Bristol-Myers Squibb reiterated that Business Development (BD) is the top priority for its capital allocation (although it has always been seen as a priority, it has been relatively quiet recently due to digestion of previous transactions, and is now prepared to be more active). Despite the official stance being consistent with before, Goldman Sachs believes that the company's emphasis on pursuing BD opportunities has increased (investors in the market also discuss whether this is related to the disappointing performance of recent catalysts in the company's growth portfolio). Overall, Goldman Sachs believes this is part of the Bullish Signals in the Biotechnology industry's merger and acquisition environment.

Goldman Sachs indicated that this week, market focus will shift to Pfizer (PFE.US) and Eli Lilly and Co's upcoming first quarter performance. Notably, Goldman Sachs specifically mentioned Merck. They pointed out that AKESO's ivonescimab is seen as a potential competitive threat to Merck's cancer drug Keytruda (K Drug). Goldman Sachs believes that Merck's stock price has already been negatively affected twice by the risks faced by Keytruda, once due to the patent cliff issue and another time due to being perceived as threatened by potential new therapies.
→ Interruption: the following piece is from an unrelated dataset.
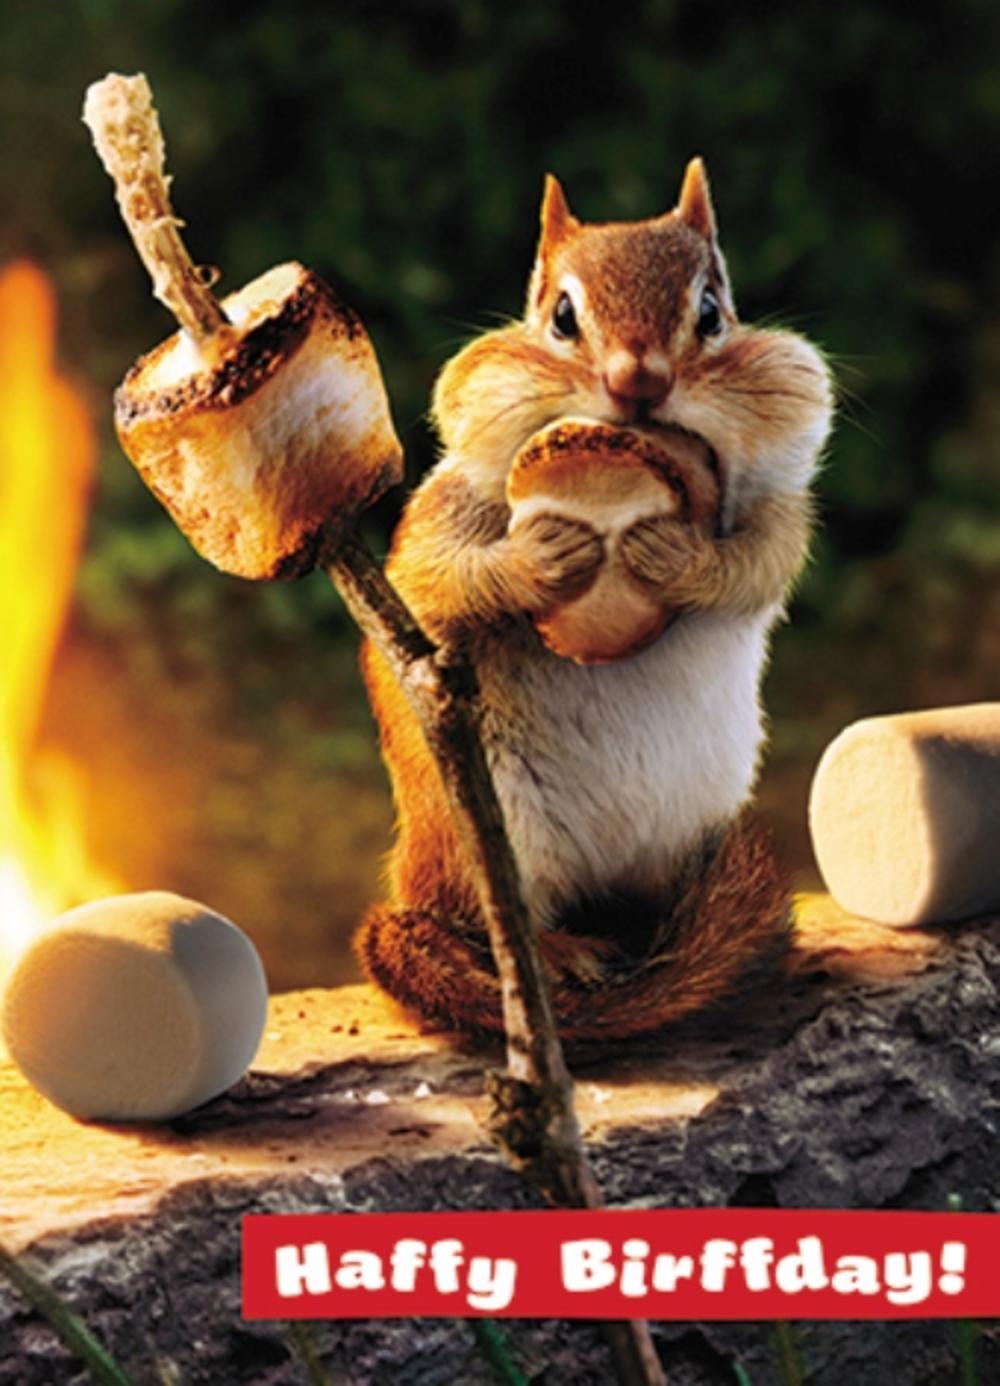 Avanti Haffy Birffday Marshmallow Birthday Greeting Card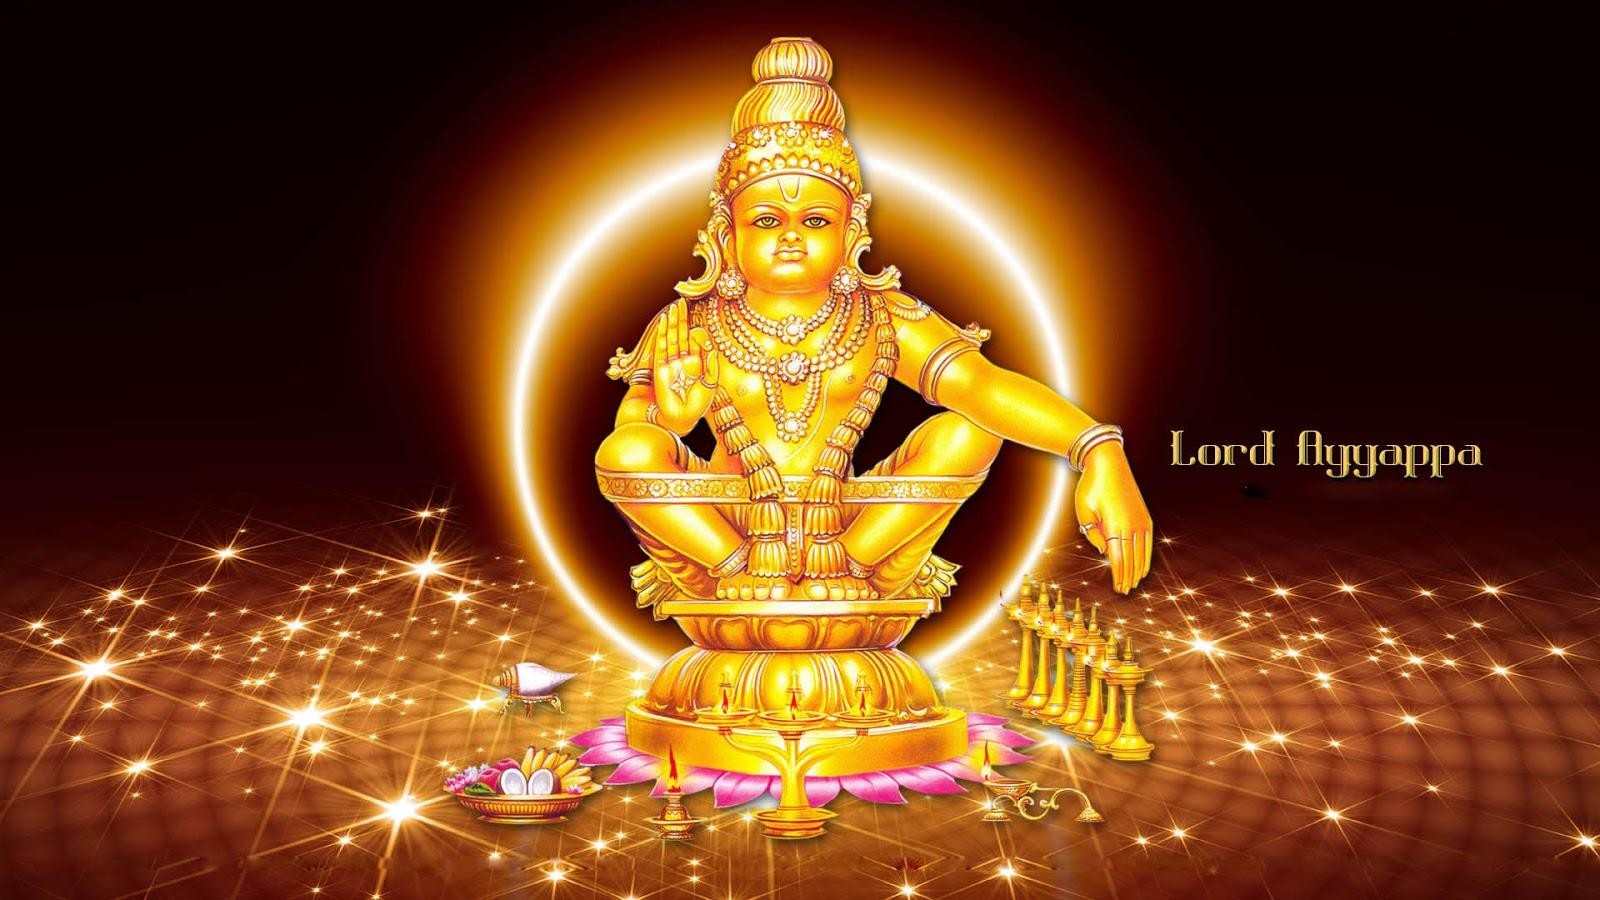 Download Wallpaper Lord Ayyappan - Lord%2BAyyappan%2BSwami%2B001  You Should Have_943247.jpg

Goldman Sachs noted that Merck's management downplayed these concerns during the Earnings Reports conference call. The firm pointed out that among all the pharmaceutical companies they cover, the market has the most negative expectation of Merck's implied terminal growth rate (-7%, compared to the industry average of -1.9%). Goldman Sachs believes this is overly harsh; if sentiment in the pharmaceutical industry improves in the future, Merck's stock price is expected to rebound, and its implied negative growth rate could return to levels closer to those of its peers facing patent expirations.

The translation is provided by third-party software.